Last year women were finally granted the right to drive, and new reforms introduced this year have allowed women over the age of 21 to travel abroad, in theory, without a male guardian.

But such reforms have been criticised by rights organisations and critics of the ultraconservative kingdom, who say that they are geared to produce a smokescreen of a reform-driven modern Saudi Arabia to mask reports of continuing human rights abuses, including the imprisonment of 11 women's rights activists just weeks ahead of the decision to lift the ban on women drivers.

Critics also say the reforms are designed to facilitate foreign investment and tourism in the country as Crown Prince Mohammad bin Salman attempts to steer the kingdom out of oil dependency.

The decision to end enforcement of segregation in restaurants was also announced in a statement published by the state-run Saudi Press Agency. The statement listed a number of newly approved technical requirements for buildings, schools, stores and sports centers.

The statement noted that the long list of published decisions was aimed at attracting investments and creating greater business opportunities.
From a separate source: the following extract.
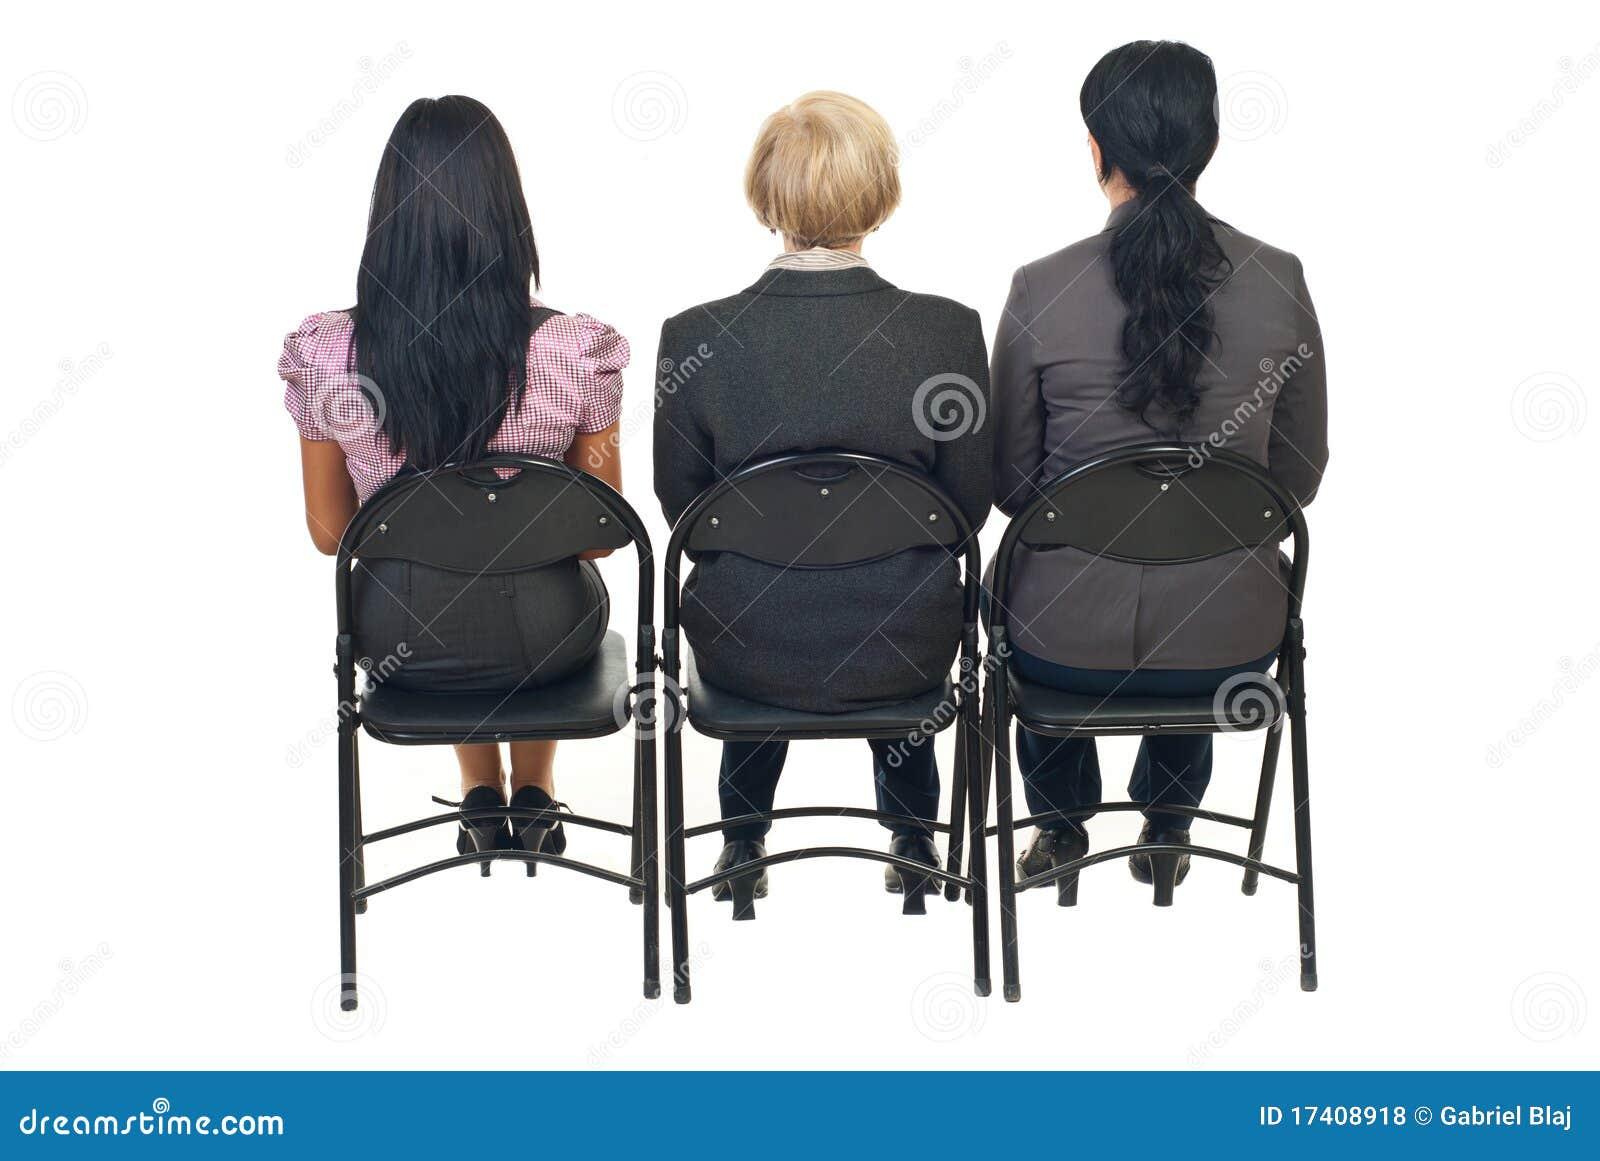 Terug van drie vrouwen bij presentatie
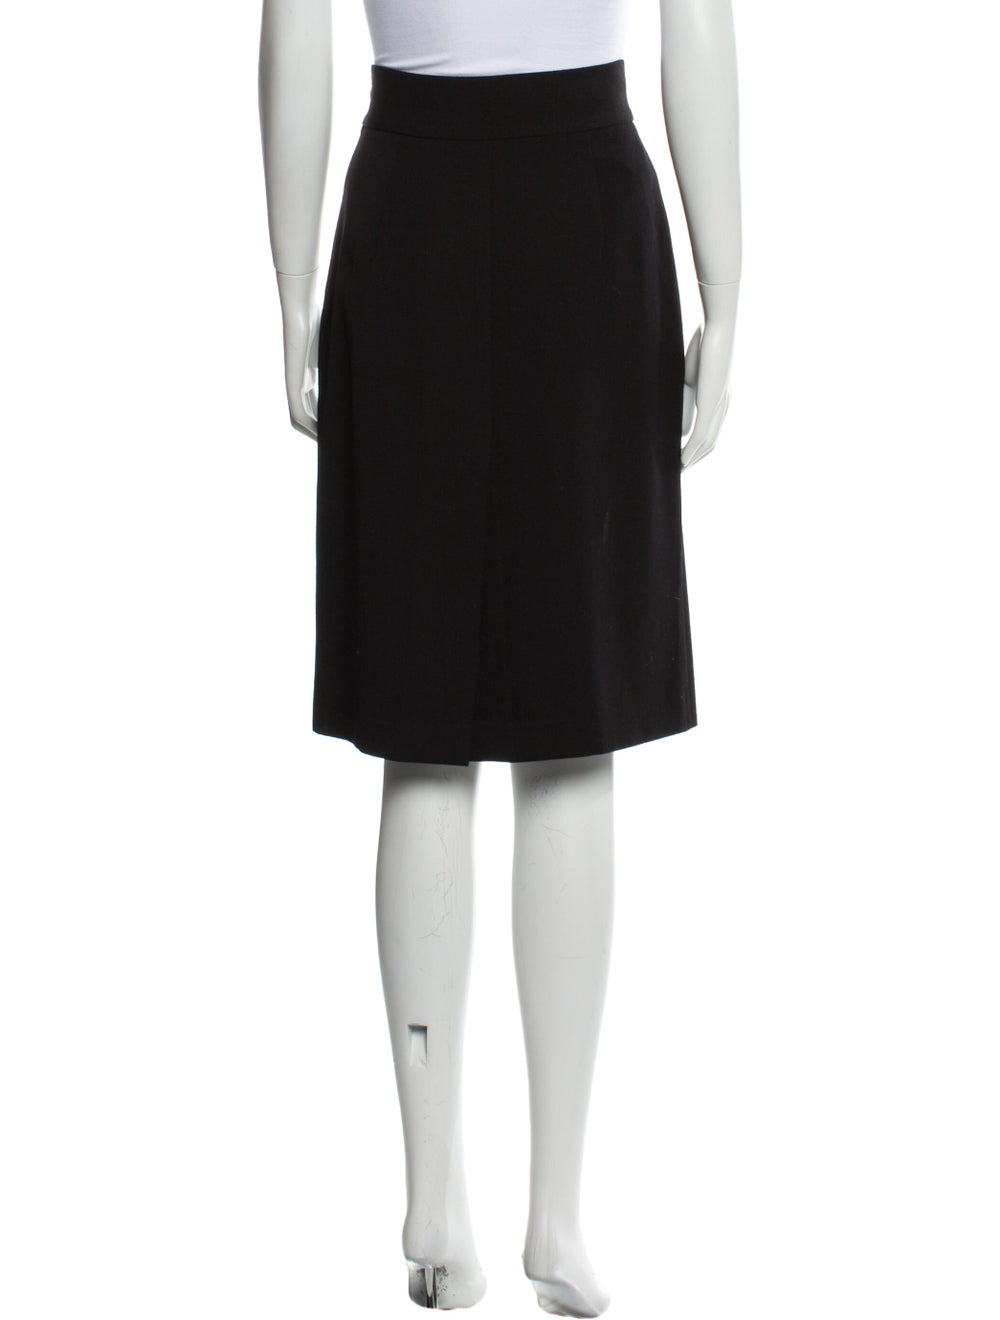 Prada Virgin Wool Knee-Length Skirt Wool - image 3

Among the regulations announced was "removing a requirement by restaurants to have an entrance for single men and [another] for families".

Couched between a new regulation about the length of a building's facade and allowing kitchens on upper floors to operate was another critical announcement stating that restaurants no longer need to "specify private spaces" - or in other words, partitions would no longer be required.

The new rules remove restrictions that had been in place, but do not state that restaurants or cafes have to end segregated entrances or seated areas. Many families in conservative swaths of the country, where women cover their hair and face in public, may prefer eating only at restaurants with segregated spaces.